Abstract:
A depth map generating apparatus comprises a three-dimensional (3D) region setting section and first through third processors. The 3D region setting section defines and sets a 3D region of a given shape to enclose an object, the 3D region being defined in 3D coordinates. The first processor performs a coordinate computation for each pixel of the projection plane to attain a first distance in a desired view direction between a projection plane set in accordance with the view direction and the surface of the 3D region. The second processor executes a ray tracing process to attain a second distance in the view direction between the surface of the 3D region and the surface of the object. The third processor adds the first and second distances for each pixel of the projection plane.

Description:
BACKGROUND OF THE INVENTION 
     1. Field of the Invention 
     The present invention relates to a pseudo three dimensional (3D) display, i.e., perspective display of a 3D object, and, more particularly, to a depth map generating method and apparatus for generating a depth map of the 3D object, which is used in preparing the perspective display image, from 3D image data that represents the 3D object and is a collection of voxels, elements of 3D structure. 
     2. Description of the Related Art 
     There are methods and means for data processing which prepare pseudo 3D images or perspective images from 3D image data of which, like a series of adjoining computed tomography (CT) images, consists of a number of voxels representing a 3D object. The perspective image can be displayed for such analysis and discrimination of the image data as is involved in medical diagnosis. 
     The perspective image is prepared as follows. 

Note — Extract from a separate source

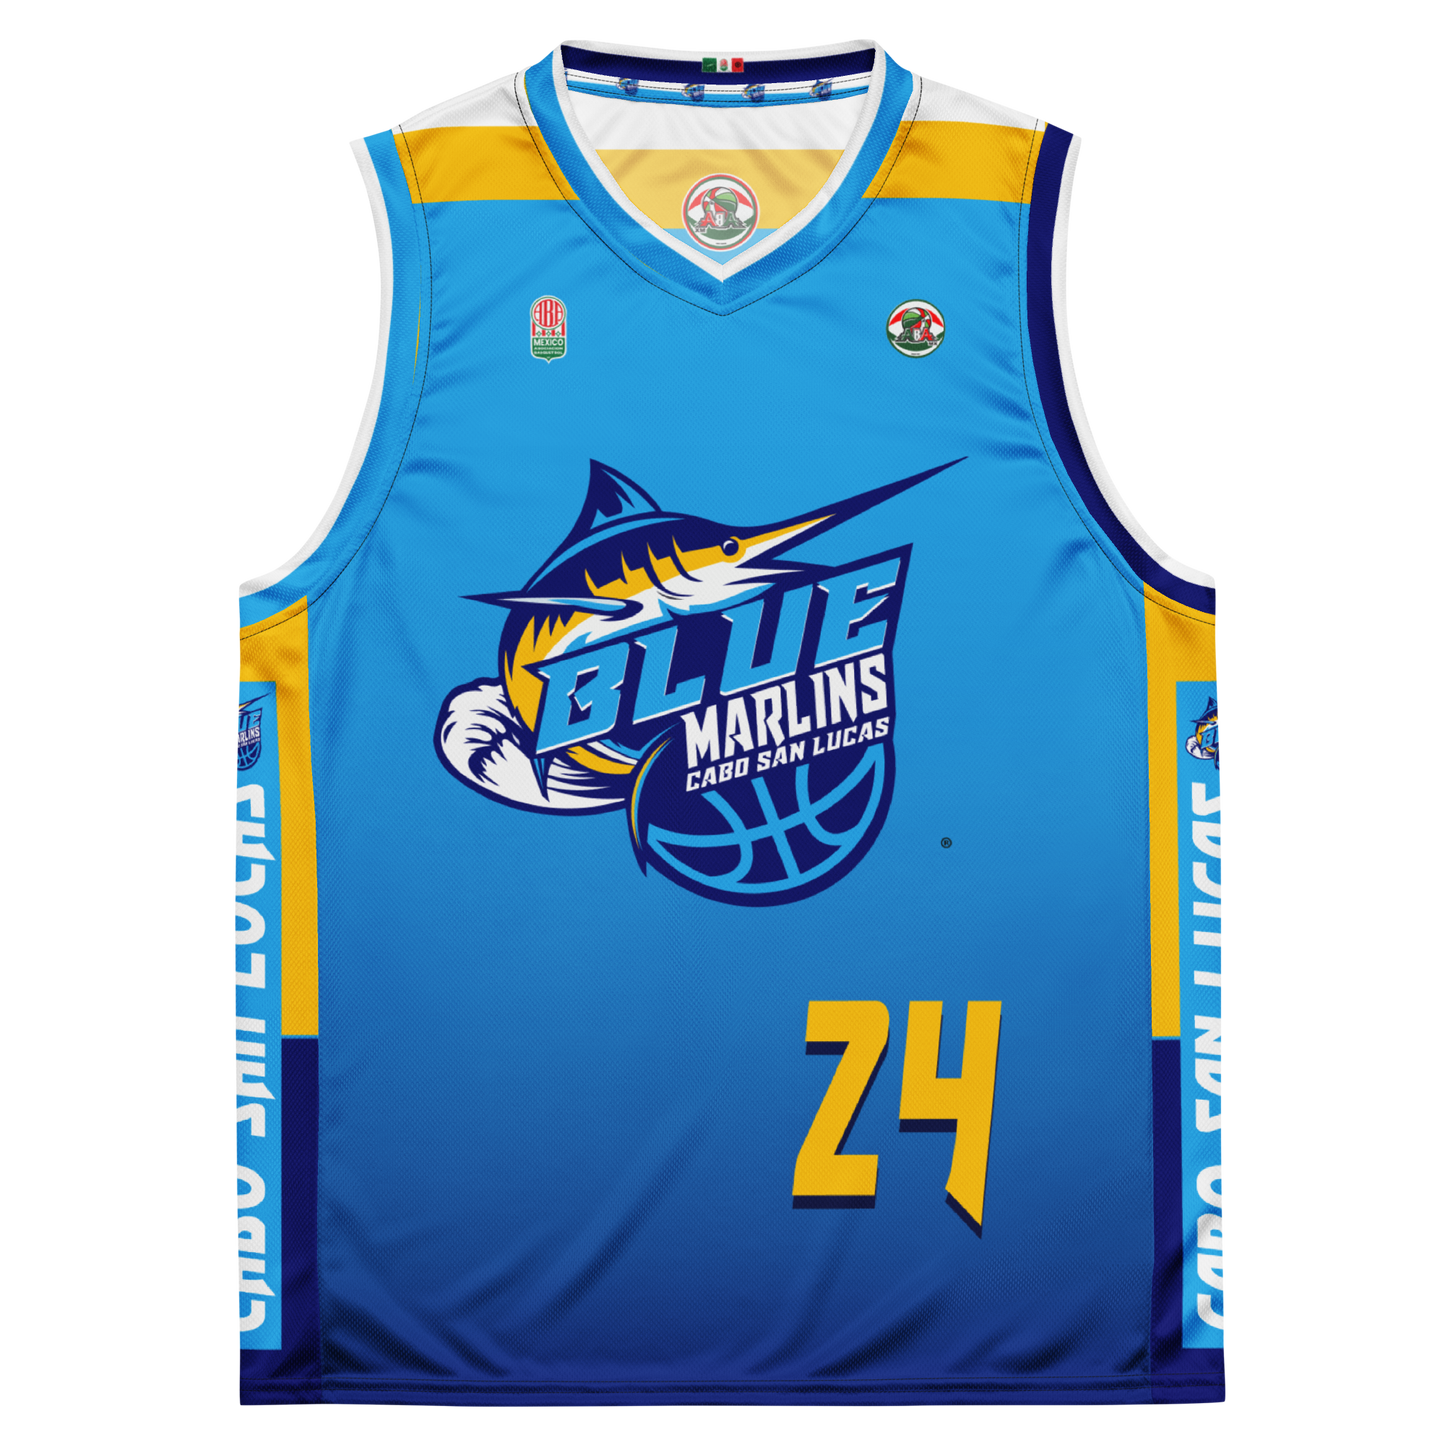 Cabo San Lucas Blue Marlins ABA Team Jersey:

     First, for each pixel of a view plane forming a two dimensional (2D) field of view corresponding to the desired view direction, i.e., a projection plane, the distance from the projection plane to the surface of an object is acquired from image data of 3D structure constituted by voxels, then a depth map indicating the distribution of the distance to the object surface in the desired view direction is attained. Then, a predetermined gradation process is executed for assigning gradation like a density value to each pixel of the depth map, thereby preparing the perspective image. 
     In order to permit an operator to selectively change view directions on a perspective display through his operation, the above process for preparing a depth map must be repeated in an ordinary system every time the view direction is changed. 

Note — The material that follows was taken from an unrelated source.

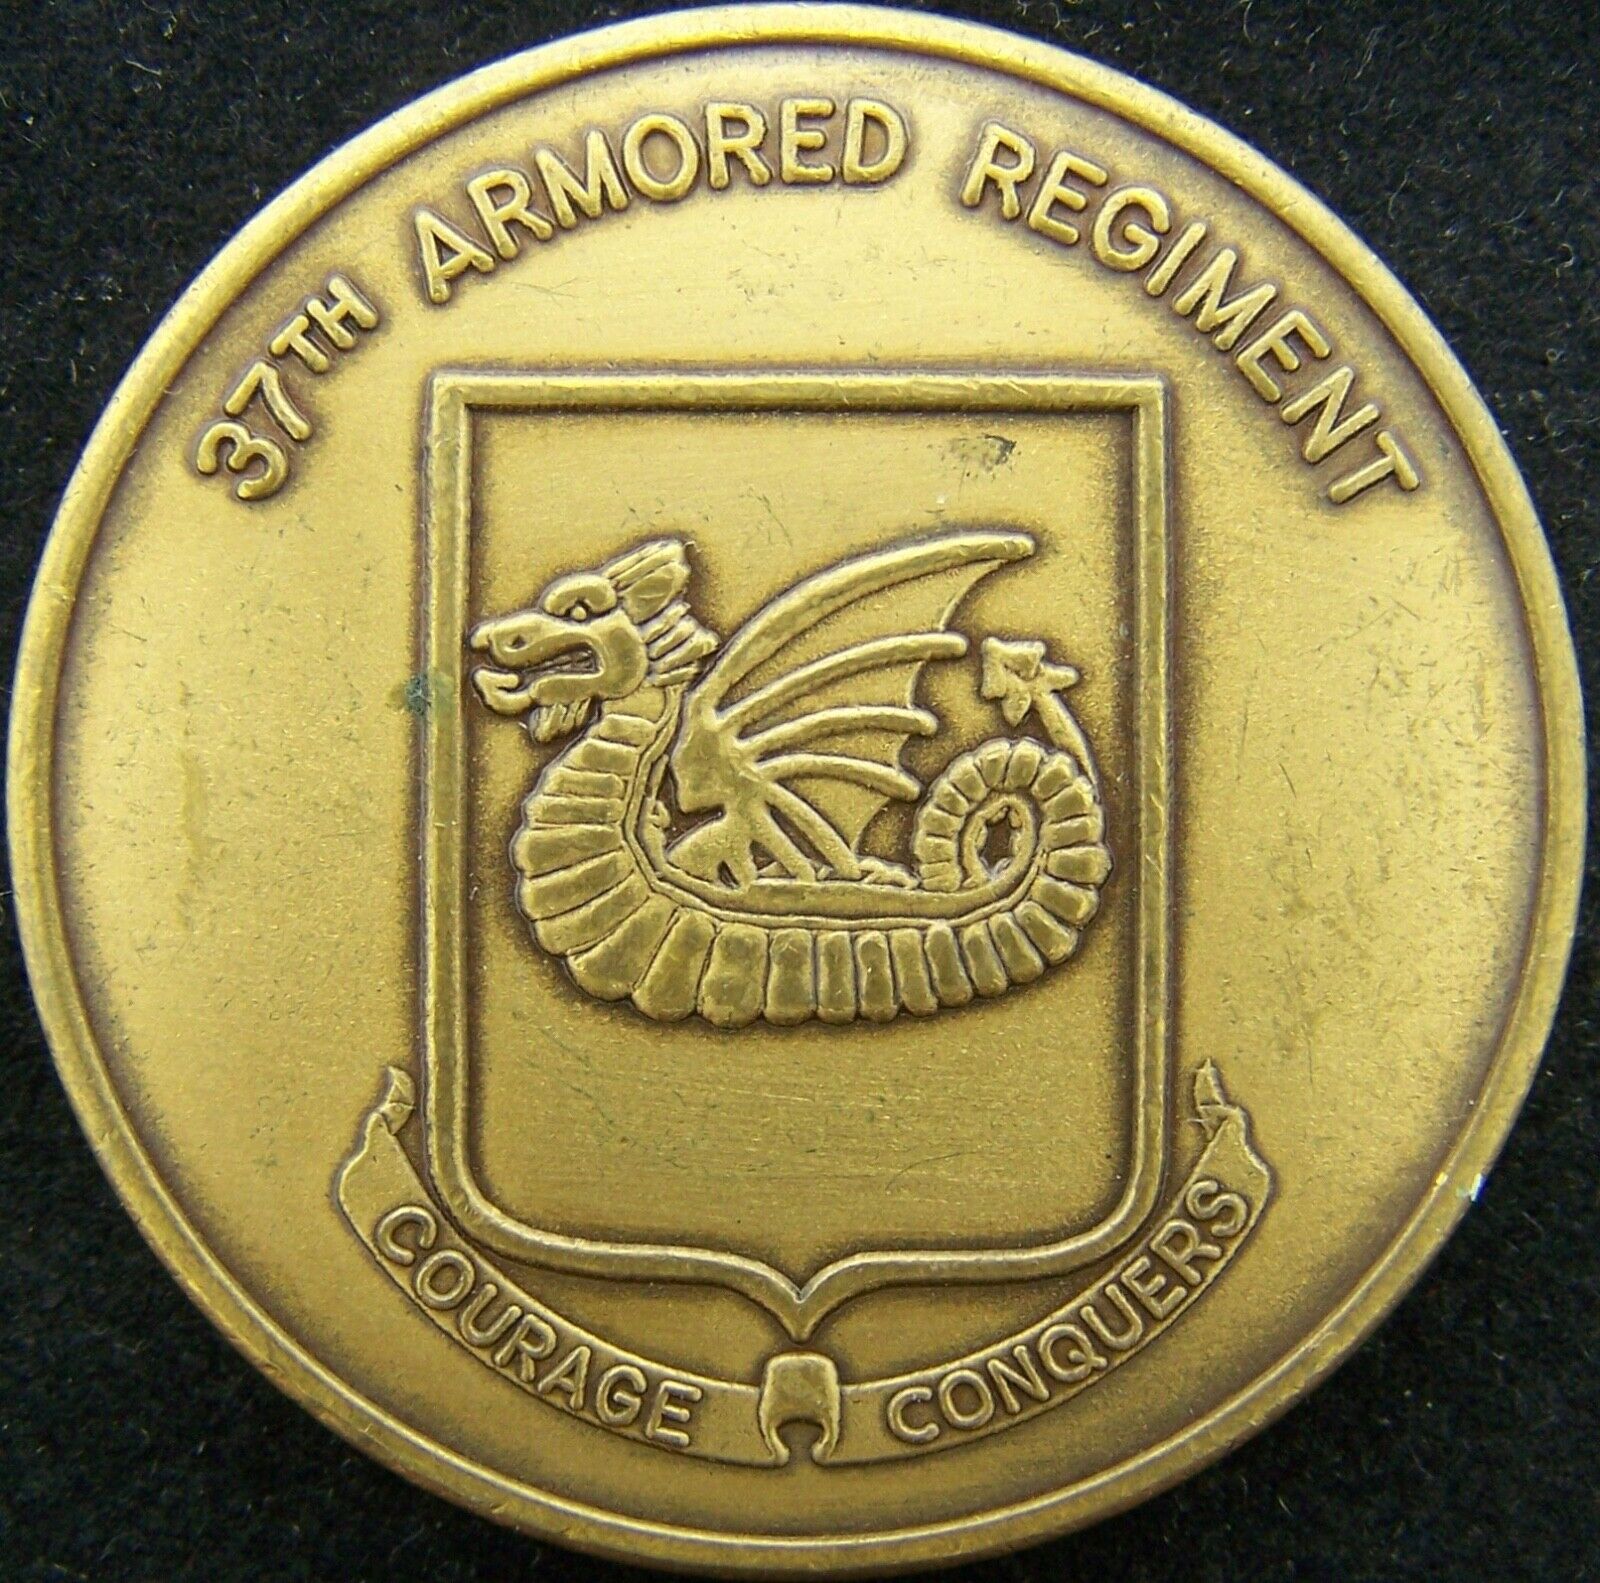 37th Armored Regiment Vintage Challenge Coin

     The generation of a depth map, which can be done using a general-purpose computer, normally takes a significant time, e.g., several tens of minutes since it is necessary to discriminate whether or not an object exists in the view direction for each pixel of a 2D view field for each and every voxel. In order to reduce this processing time, conventional systems often utilize a special-purpose processor that is specifically designed to execute a single type of data processing mentioned above. 
     Even the conventional systems using such a special-purpose processor require, for example, several seconds. This is still too long to realize true real time processing. 
     SUMMARY OF THE INVENTION 
     Accordingly, it is an object of this invention to provide depth map generating method and apparatus which overcome the above shortcomings and ensure high-speed generation of a depth map. 
     A depth map generating apparatus according to this invention comprises: image data memory means for storing voxel data representing a three-dimensional object; 
     processing means for obtaining total distances between points on a surface of said three-dimensional object and a projection plane orthogonal to a desired view direction, said processing means including: 
     three-dimensional region determining means for determining a three-dimensional region enclosing said three-dimensional object, whereby each of said total distances is divided into a first distance measured between said projection plane and the surface of said three-dimensional region and a second distance measured between the surface of said three-dimensional region and the surface of said three-dimensional object, 
     coordinate computation means for determining lengths of the first distances, with respect to each pixel on said projection plane, by coordinate computation, 
     ray tracing means for determining lengths of the second distances with respect to each pixel on said projection plane by ray tracing, and 
     adding means for adding the lengths of the first and second distances together to obtain each of said total distances, and 
     displaying means for displaying an image on a two-dimensional screen in a gradation corresponding to said total distances obtained by said adding means 
    
    
     BRIEF DESCRIPTION OF THE DRAWINGS 
     FIGS. 1 and 2 are exemplary diagrams for explaining the principle of one embodiment of this invention; and 
     FIG. 3 is a schematic block diagram illustrating the arrangement of depth map generating apparatus according to the embodiment of this invention based on the above principle. 
    
    
     DETAILED DESCRIPTION OF THE PREFERRED EMBODIMENTS 
     The principle of one embodiment of this invention will be described below with reference to FIGS. 1 and 2. 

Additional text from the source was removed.